Кавалер застыл в изумлении: ясно было, что он ожидал услышать совсем не этот голос. Он огляделся, подумав, что перепутал дом, но, убедившись, что именно здесь его часто принимали, вступил в переговоры.
— Что здесь происходит? — спросил он. — Где Пакита? Почему она не отвечает?
— Она уехала утром вместе со своей хозяйкой донной Леонорой.
— Донна Леонора уехала? — воскликнул кавалер. — Клянусь святым Иаковом! Кто посмел ее увезти?
— Тот, кто имел на это полное право!
— Кто же это?
— Ее брат, дон Салюстий де Аро.
— Ты врешь, старая!
— Клянусь вам Богоматерью дель Пилар!
— Открой мне, я сам проверю, так ли это!
— Мне приказано никого не впускать в отсутствие дона Салюстия, а уж в такой час тем более.

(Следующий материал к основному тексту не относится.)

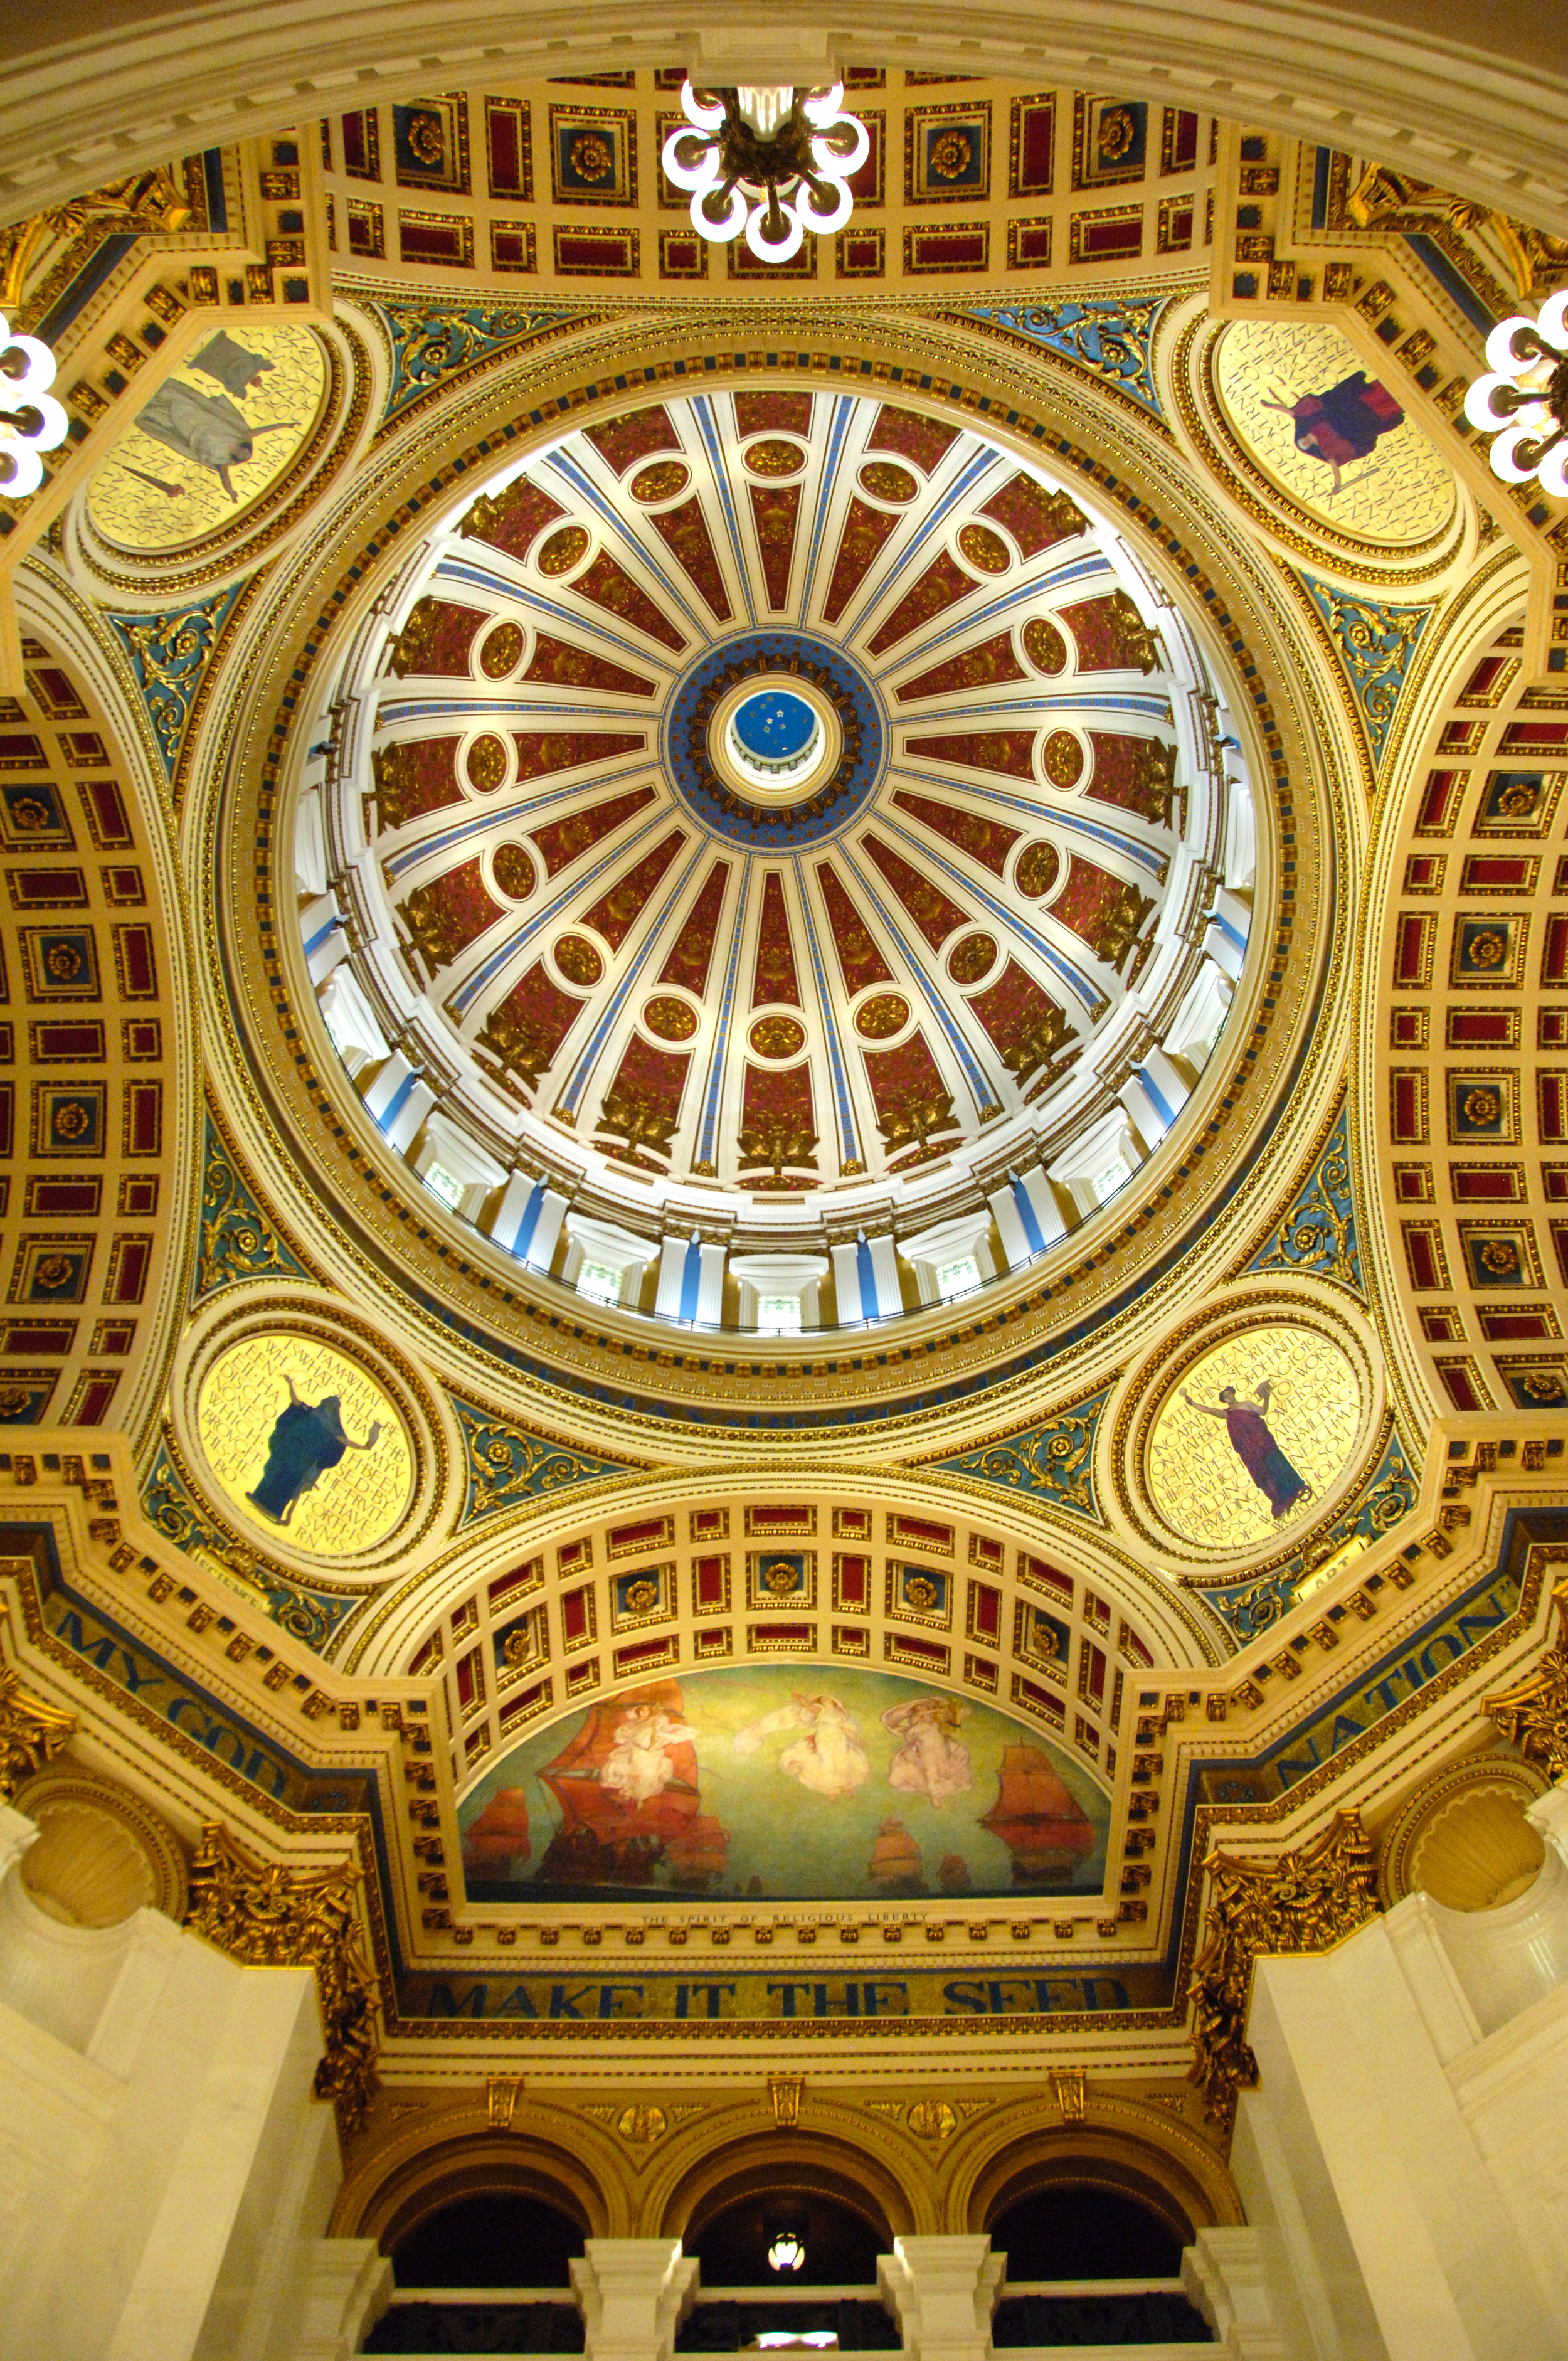 Capitol dome interior

— Старуха! — вскричал взбешенный до предела незнакомец. — Открой немедленно или я вышибу дверь!
— Дверь крепкая, сеньор кавалер, и, прежде чем вам удастся ее вышибить, сбежится стража!
— Какое мне дело до стражи! — воскликнул кавалер. — Пусть хватают воров и цыган, а не таких благородных сеньоров, как я!
— Так было во времена прежнего primer asistente, но после того как король дон Педро — да хранит его Господь! — назначил Хуана Паскуаля вместо сеньора Телесфоро, стража защищает нас от всех. Стучите сколько хотите, но поостерегитесь, не то вместо этой двери перед вами распахнется тюремная.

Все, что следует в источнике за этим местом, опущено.